Je ne vais ici que citer certains exemples de ces illégalités assurantielles structurelles. Le premier exemple a beaucoup à voir avec l’objectif de réduction du prix de la main d’oeuvre :
Sur le terrain français, l’usage veut qu’on ne fasse pas signer de contrat aux intérimaires, ou seulement en fin de « mission » (ce qui permet une régularisation de l’opération ex post), alors que selon le Code du travail, il doit être signé dans les 48h suivant le début de la mission. L’objectif comme le résultat de cette pratique sont de pouvoir renvoyer les intérimaires à tout moment. Sans cette illégalité fondamentale assurée par un tiers, le recours à l’intérim (qui implique de rémunérer l’intermédiaire) aurait moins d’intérêt que le contrat à durée déterminée (qui présente les mêmes modalités d’établissement et de rupture).
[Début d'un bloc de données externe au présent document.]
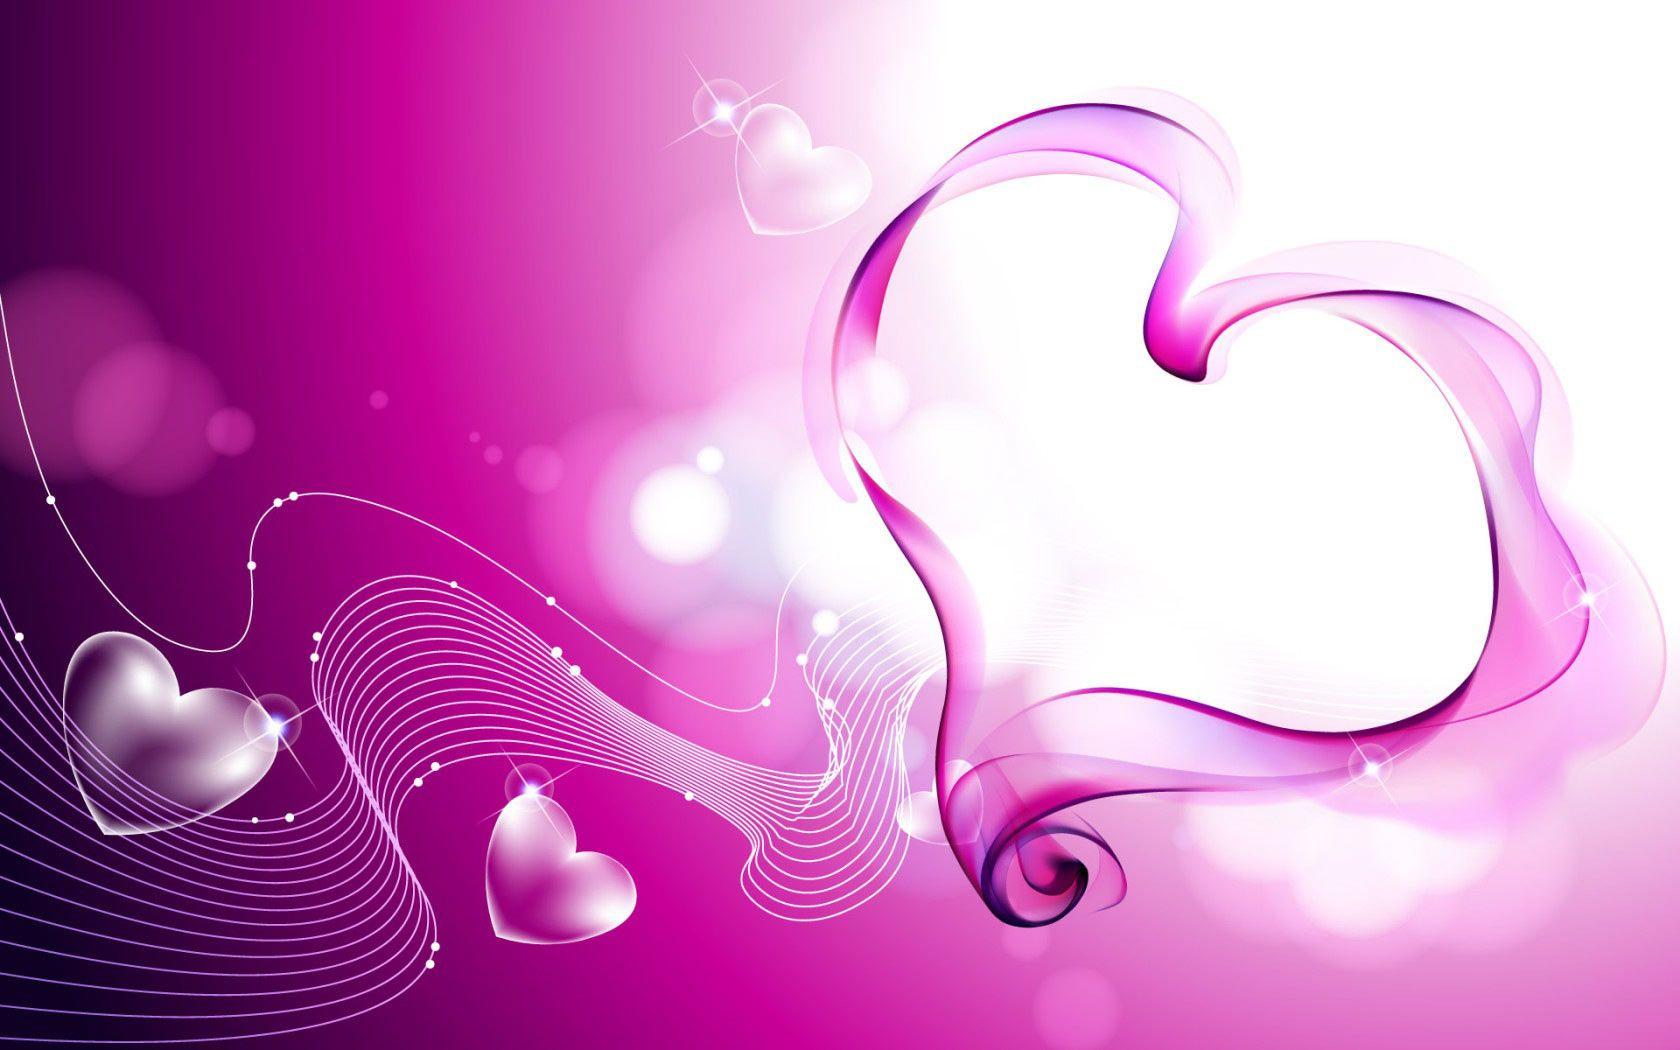 Animated Hearts In Background Wallpaper

Routinière et rarement contestée, une telle pratique suggère que l’illégalisme n’est pas l’anomie.
(…)
Aux Etats-Unis : une entreprise a bien aujourd’hui le droit de supprimer les « benefits » de l’ensemble de ses salariés (en d’autres termes, de s’auto-exonérer de charges sociales qui seraient, en France, obligatoires). Mais si elle ne le fait pas pour l’ensemble de sa main-d’œuvre, elle risque d’être poursuivie en justice pour discrimination6. Si elle souhaite le faire, il lui est donc recommandé de segmenter sa main- d’œuvre en trouvant des statuts d’emploi alternatifs pour le reste de ses salariés. (…) l’externalisation de la main-d’œuvre par l’emploi durable de « permatemps » constitue donc un moyen privilégié d’exclure ces derniers des bénéfices sociaux stipulés dans la convention collective ou l’accord syndical.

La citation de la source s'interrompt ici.